In-Wheel-Motor-Driven Electric Vehicles Motion Control Methods Considering Motor Thermal Protection

[+] Author and Article Information
Yimin Chen

Department of Mechanical and
Aerospace Engineering,
Ohio State University,
Columbus, OH 43210
e-mail: yiminchen@utexas.edu

Junmin Wang

Fellow ASME
Department of Mechanical and
Aerospace Engineering,
Ohio State University,
Columbus, OH 43210
e-mail: JWang@austin.utexas.edu

1Present address: Department of Mechanical Engineering, University of Texas at Austin, Austin, TX 78712.

Contributed by the Dynamic Systems Division of ASME for publication in the JOURNAL OF DYNAMIC SYSTEMS, MEASUREMENT,AND CONTROL. Manuscript received March 31, 2018; final manuscript received August 28, 2018; published online October 1, 2018. Assoc. Editor: Mahdi Shahbakhti.

J. Dyn. Sys., Meas., Control 141(1), 011015 (Oct 01, 2018) (11 pages) Paper No: DS-18-1153; doi: 10.1115/1.4041359 History: Received March 31, 2018; Revised August 28, 2018

Thermal protection strategies are employed to protect in-wheel-motors (IWM).

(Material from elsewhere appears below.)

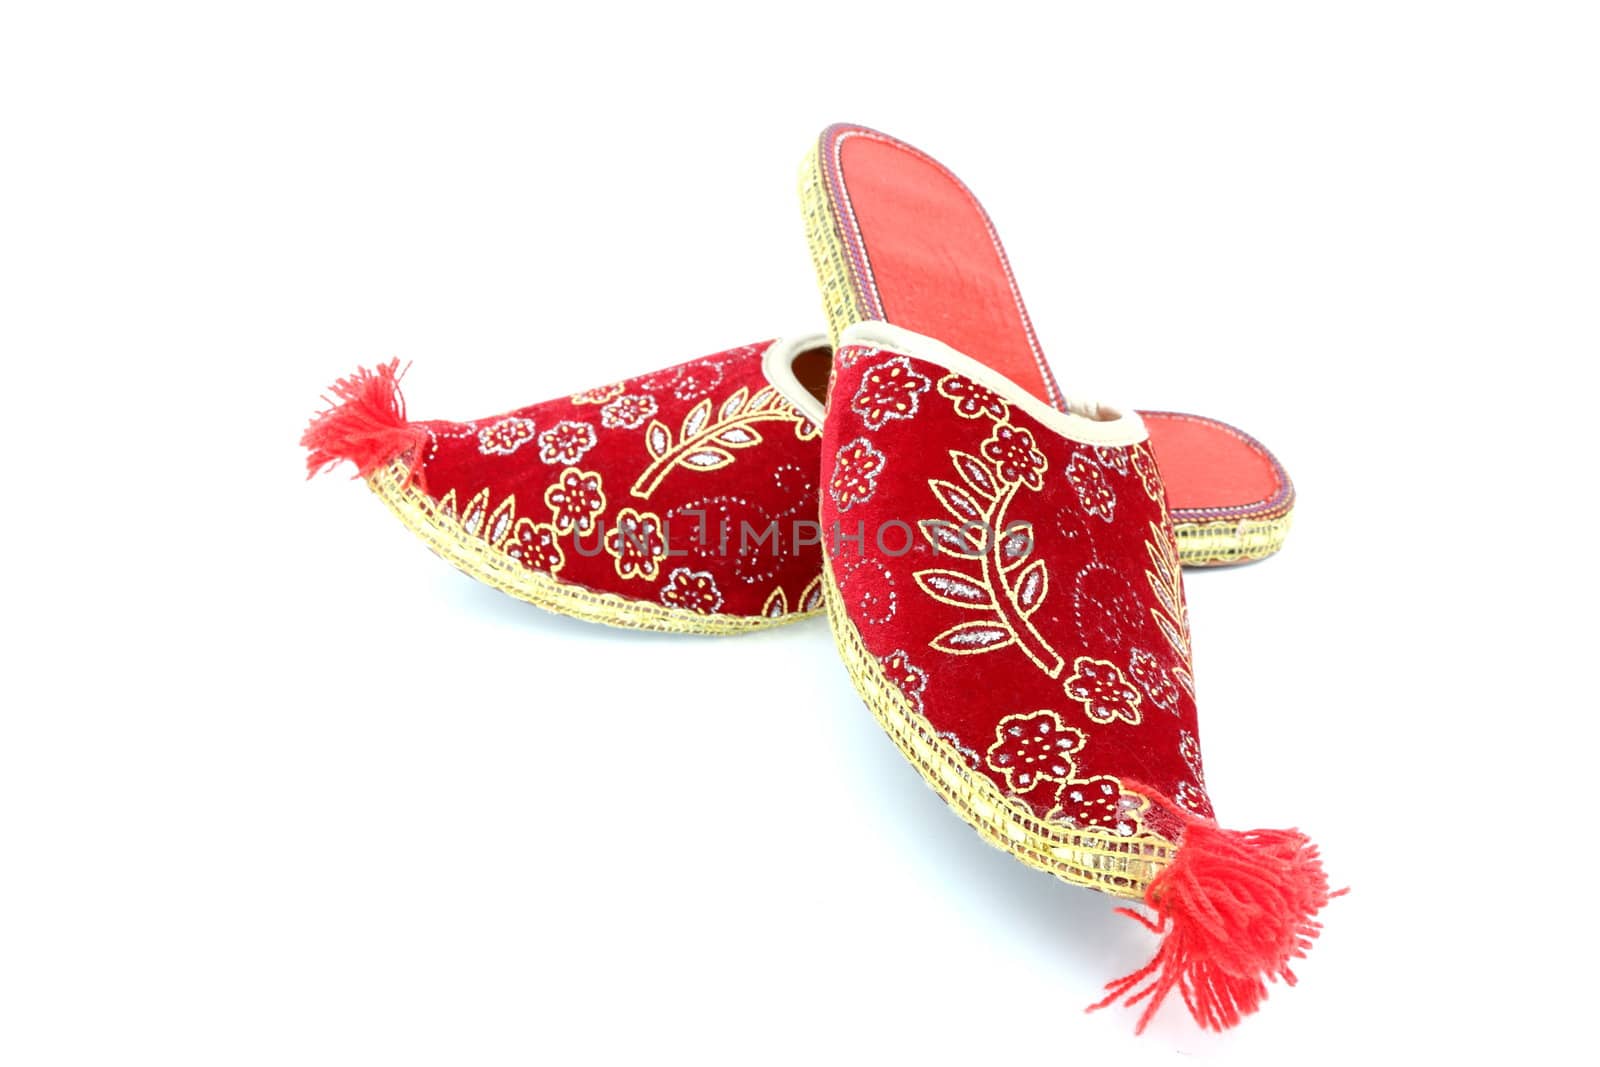 red turkish shoes over white background

Vehicle motions and stability can be affected by such motor thermal protections because they typically reduce the motor output torque to lower motor temperature and protect motor from thermal damage. This paper proposes a fault-tolerant control (FTC) method and a fault-prevention control (FPC) method for vehicle motion control considering motor thermal protection. The FTC method aims to stabilize vehicle motion when motor thermal protection is triggered. A control allocation (CA) algorithm using motor temperature measurement is developed for the FTC method. The output torque constraints can be actively adjusted with motor temperature to include thermal protection strategy in the controller design. When future vehicle trajectories are available, a model predictive control (MPC) FPC algorithm is created to regulate the control efforts in advance to avoid overheating the IWMs that triggers the thermal protection strategy. The proposed methods are validated in CarSim® simulations and the results show that both the FTC and FPC methods can reduce the vehicle yaw rate tracking errors when IWMs are subject to thermal protection strategy.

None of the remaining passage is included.